Oakey will develop miniaturization techniques and devices designed to rapidly assess cell encapsulation (immobilization of living cells) within tissue-like biomaterials. This information will be employed to strategically build implantable hydro-gel tissue scaffolds to assist in native tissue regeneration.

Synthetic tissue scaffolds serve two functions, Oakey says. First, once the scaffold is implemented, it immediately restores the function of the tissue that was injured. Second, the scaffold serves as a support for the cells (encapsulated within the tissue-like biomaterials) to grow.

“Cells need an environment in which they can survive, proliferate and produce native tissue,” Oakey says. “The scaffold eventually degrades and is resorbed by the body.”

However, it is this transition period of healing that Oakey describes as a “tricky period of time.”

“What can go wrong?” he says. “Cells die. Cells can differentiate into very different types of cells. The scaffold can fall apart before the native tissue is fully assembled.”

As a result, Oakey plans to closely study a dilemma that can arise between a synthetic material’s diffusive conductivity and its mechanical strength. A material’s diffusive conductivity describes how well it transports oxygen and other dissolved gases, nutrients and waste products, Oakey says.

His interest in the subject brings together his background in materials and his interest in the life sciences. Oakey says he likes to work “at the interfaces between different disciplines.”

“My research, while diverse, tends to all be very interdisciplinary,” Oakey says.

Oakey received his doctoral and master’s degrees in chemical engineering, both from the Colorado School of Mines. He received his bachelor’s degree in chemical engineering from Penn State University. He also was a postdoctoral fellow at the Center for Engineering in Medicine at Massachusetts General Hospital and Harvard Medical School and a postdoctoral fellow at Shriners Burns Hospital in Boston.
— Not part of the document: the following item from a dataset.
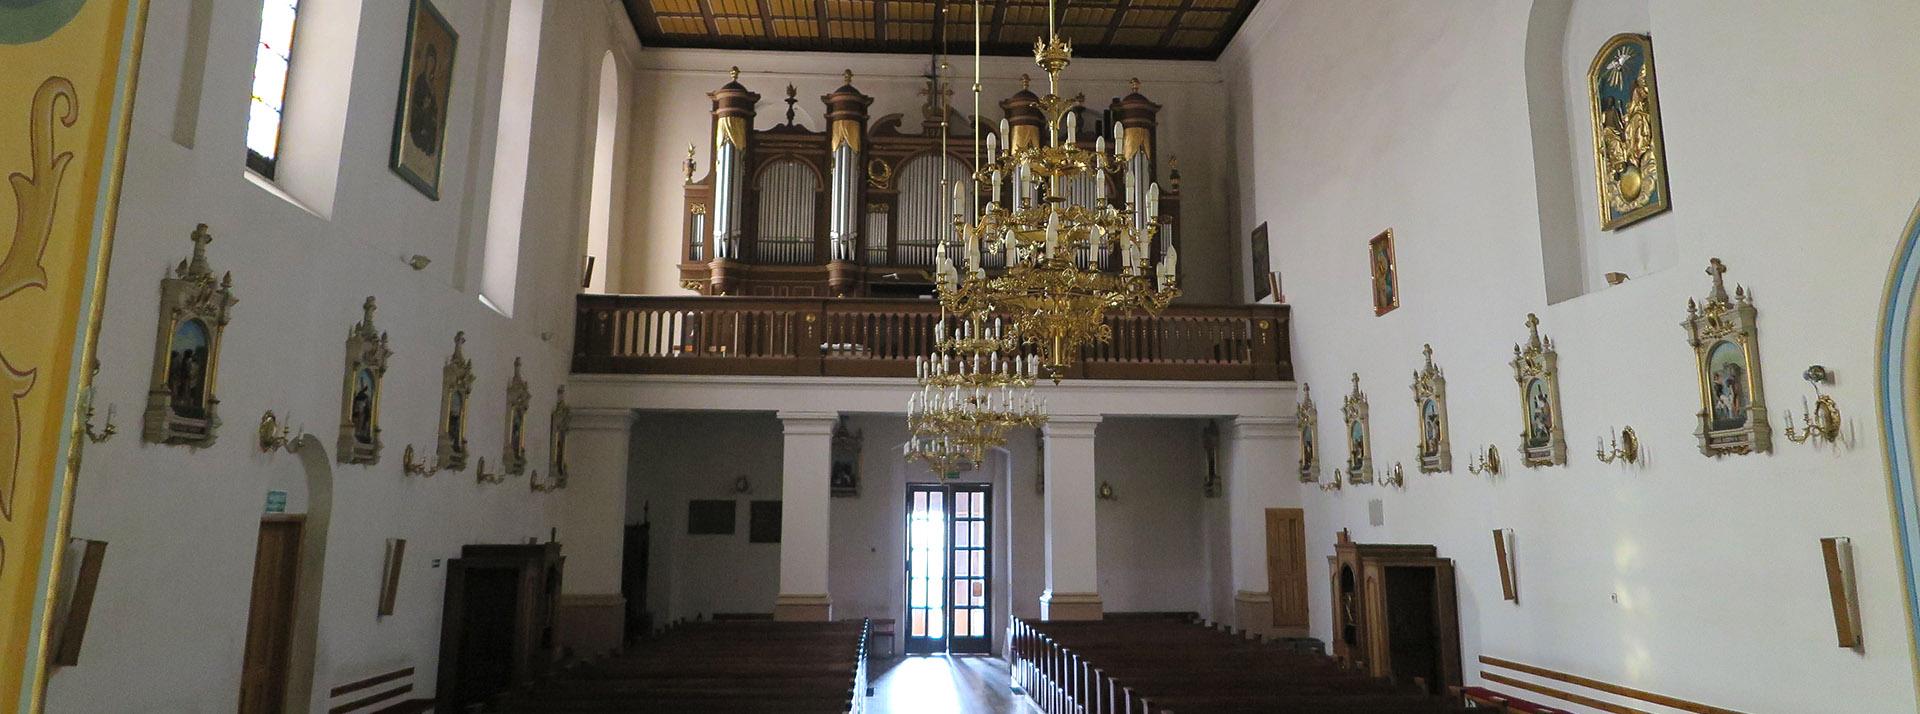 Życie parafii, uroczystości, nabożeństwa, koncerty - wszystko to teraz także na naszej nowej stronie internetowej

“I think it’s a fascinating field because it’s inherently complex, but it’s the future of medicine,” Oakey says of tissue regeneration. “There’s a lot of room for new creations, innovations and solutions.”

Spreading the knowledge

NSF CAREER Award stipulations require the award recipient to include an educational outreach component as part of receiving the grant money. Oakey says the educational goals of this proposal are to develop and introduce microfluidic devices for laboratory and demonstration use at the university, high school and elementary school levels. Microfluidics deals with the behavior, precise control and manipulation of fluids that are geometrically constrained to a sub-millimeter scale.

Initially, the focus will be to develop a capstone chemical engineering unit operations laboratory centered on microfluidic experiments. Subsequently, the microfluidic devices will be modified for demonstration use with existing outreach programs in Wyoming K-12 schools, he says.

“We’ll take some tools we’ve developed, devices that allow the student to look through a small, inexpensive microscope to see what’s happening.” Oakey says, displaying a small piece of glass with a layer of silicone mounted on top of it.

Oakey is partnering with members of UW’s Science Posse to create experiments in which the necessary materials can be mailed to any school in Wyoming. He also has obtained a small clamp that can securely hook an iPhone or iPad camera to a microscope, and make the lessons interactive, even over long distances.

“You can turn on the camera. The teacher can project onto the wall for the whole the class to see what’s going on under the microscope,” Oakey says. “At the same time, I can be sitting in Laramie and see what’s going on, using my iPad or computer.”

While Oakey hopes his research eventually can be used to alleviate real pain in others, he doesn’t rule out he may end up helping himself one day.

“I do like to ski, so the writing’s on the wall,” he says with a laugh.